## EXERCISE DATA
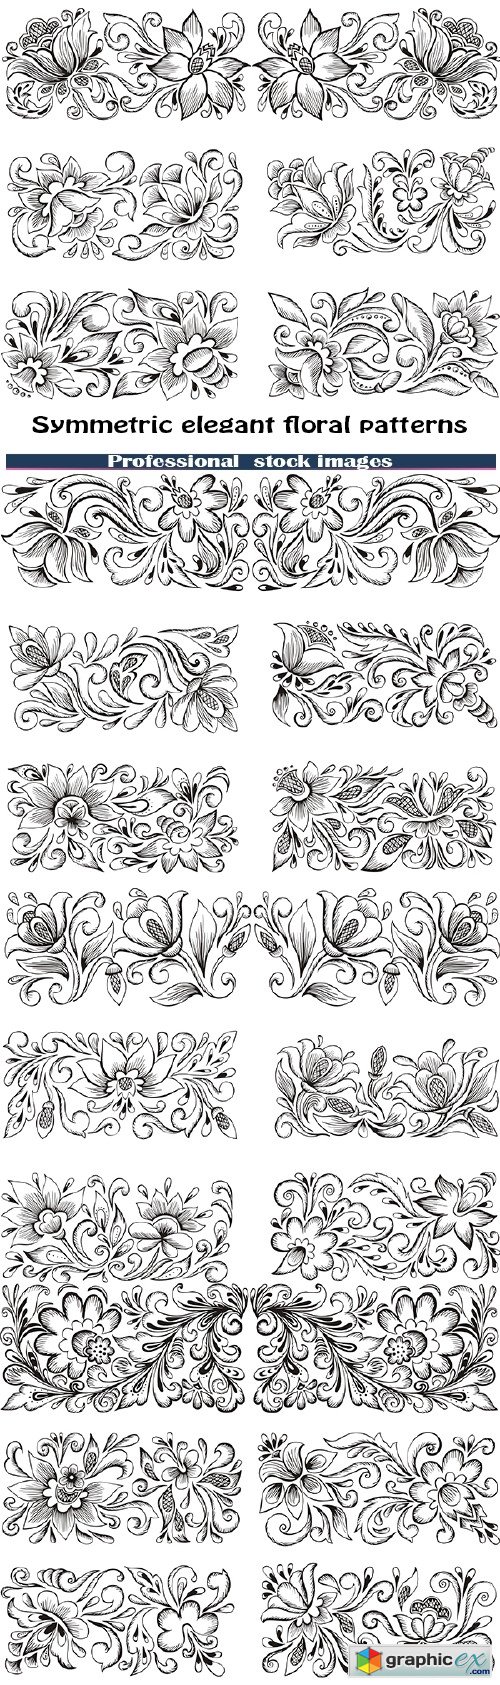 Symmetric elegant floral patterns
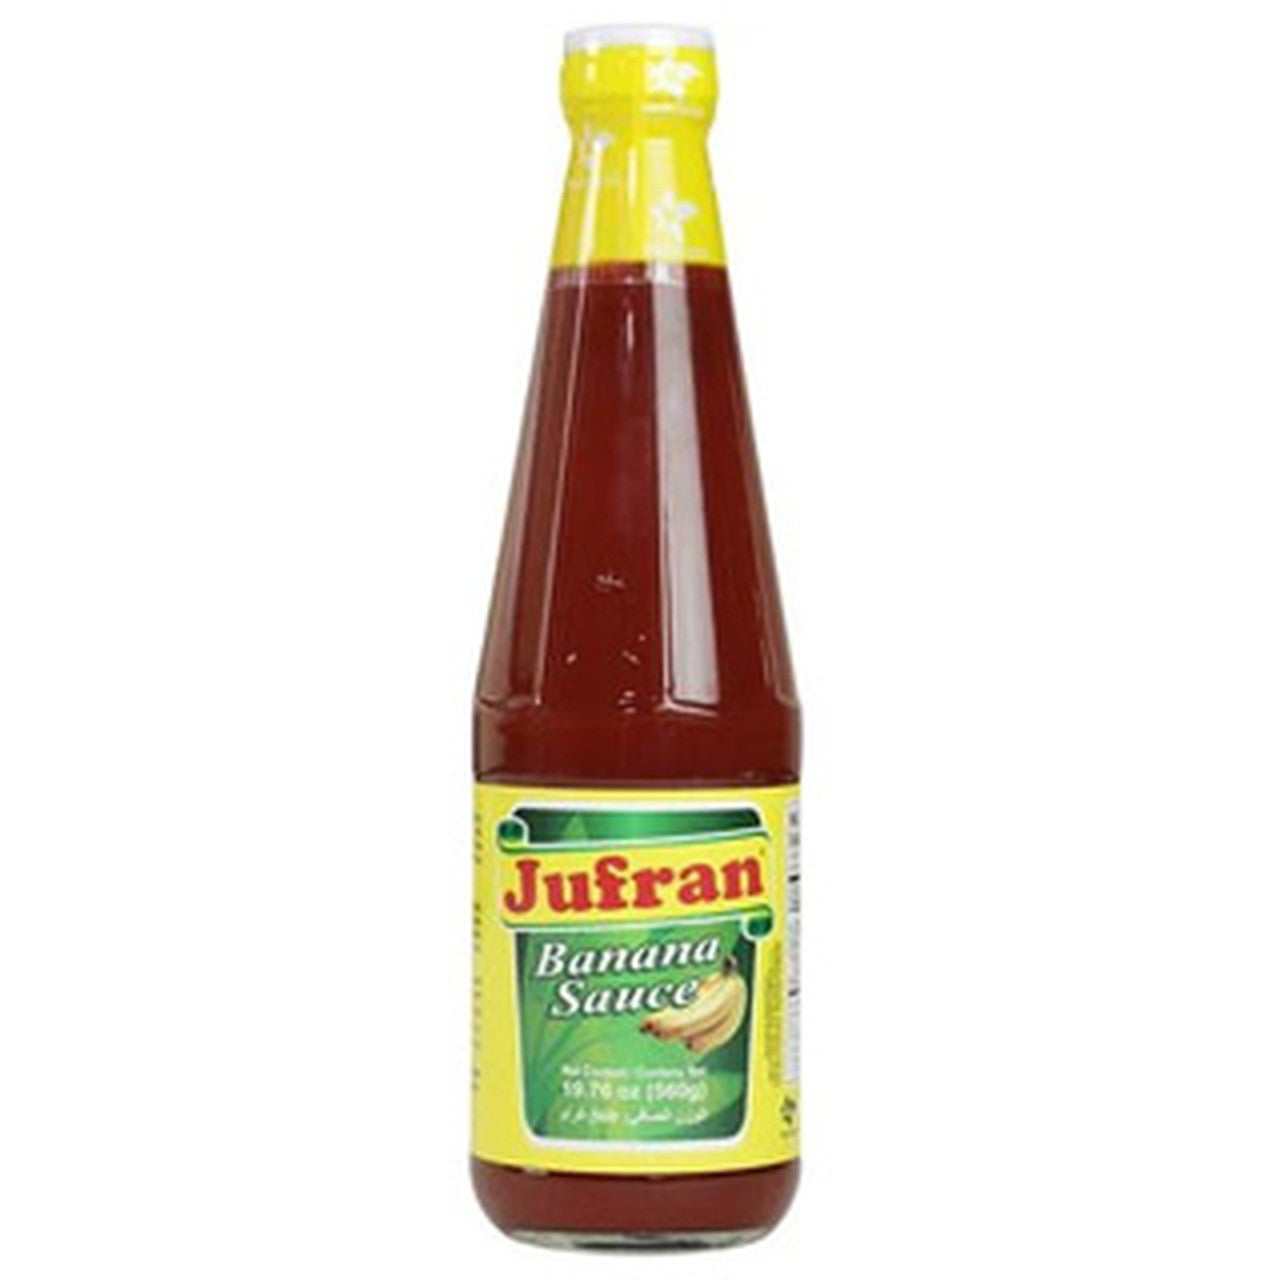 Jufran Banana Sauce Mild 560g/19.76 oz. Tomato-Less Ketchup {Imported from Canada}
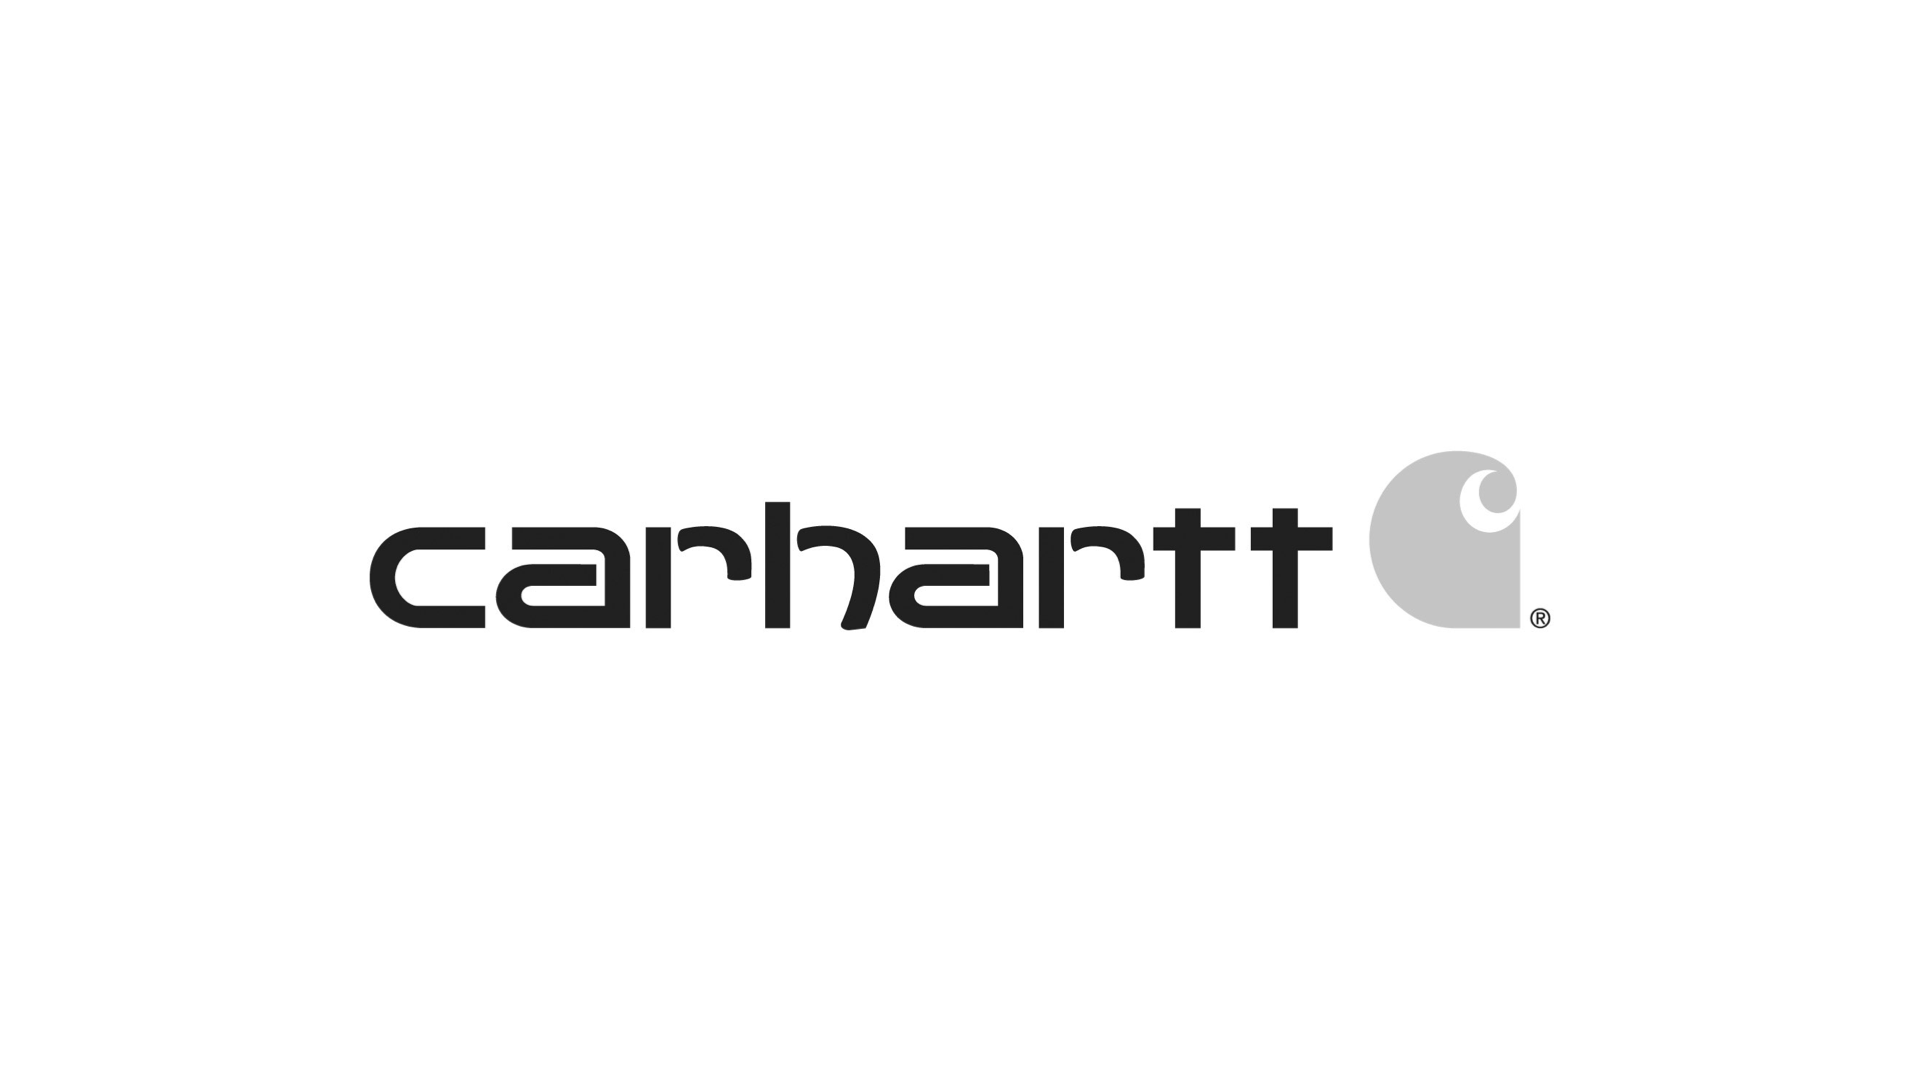 carhartt.001.png
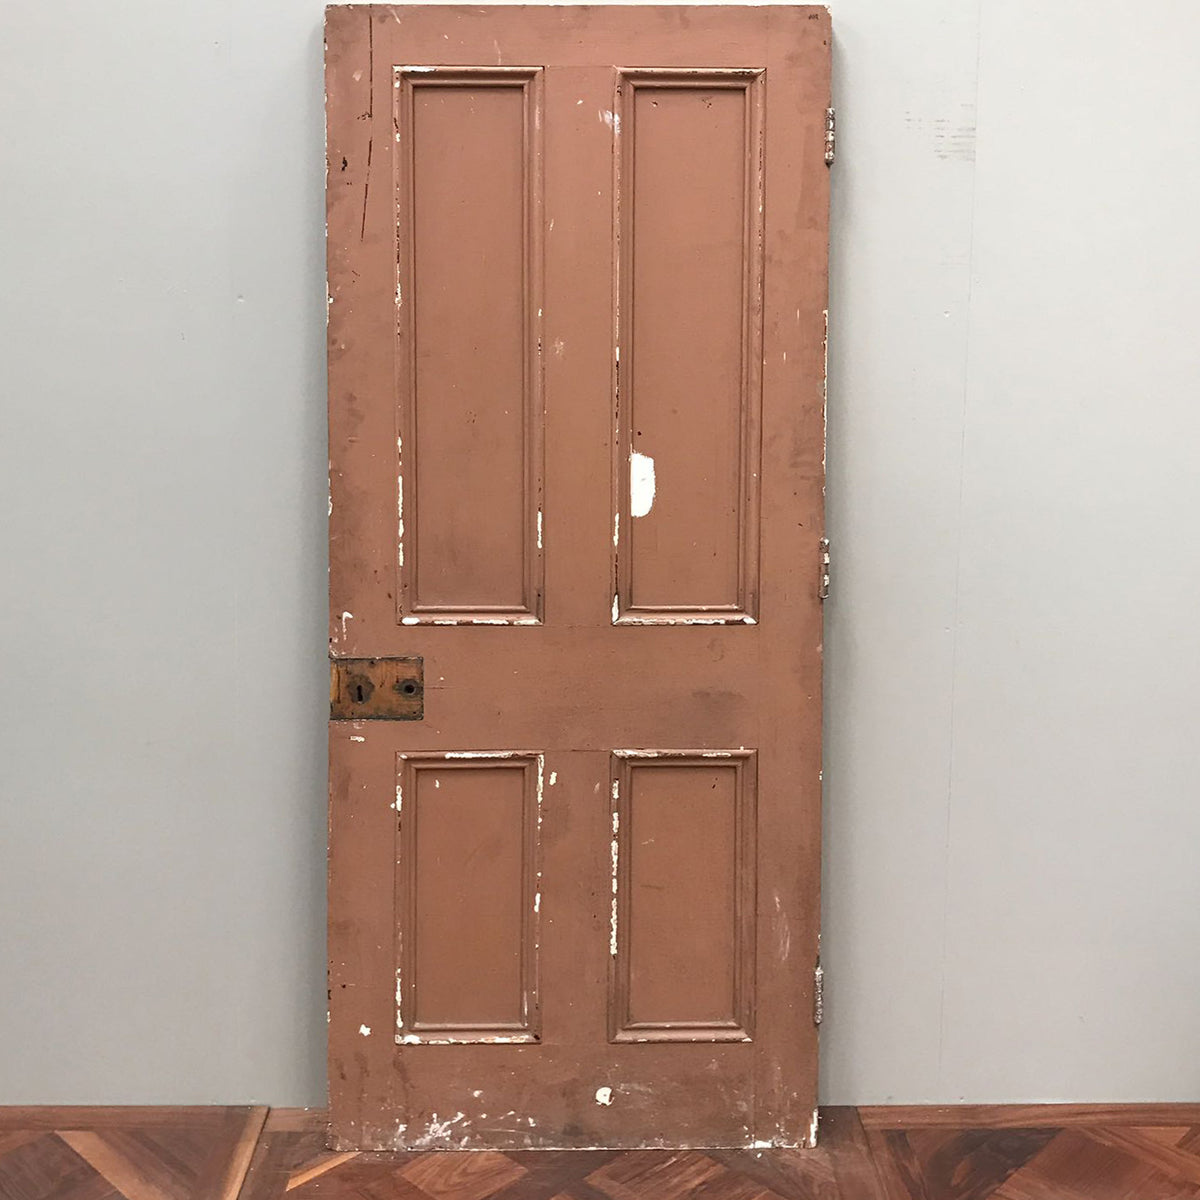 Victorian Four Panel Door - 200cm x 80.5cm x 5cm | The Architectural Forum

## WORK REQUEST
Print the listing exactly, minus any pictures.

## WRITTEN RESPONSE
 Symmetric elegant floral patterns
 Jufran Banana Sauce Mild 560g/19.76 oz. Tomato-Less Ketchup {Imported from Canada}
 carhartt.001.png
 Victorian Four Panel Door - 200cm x 80.5cm x 5cm | The Architectural Forum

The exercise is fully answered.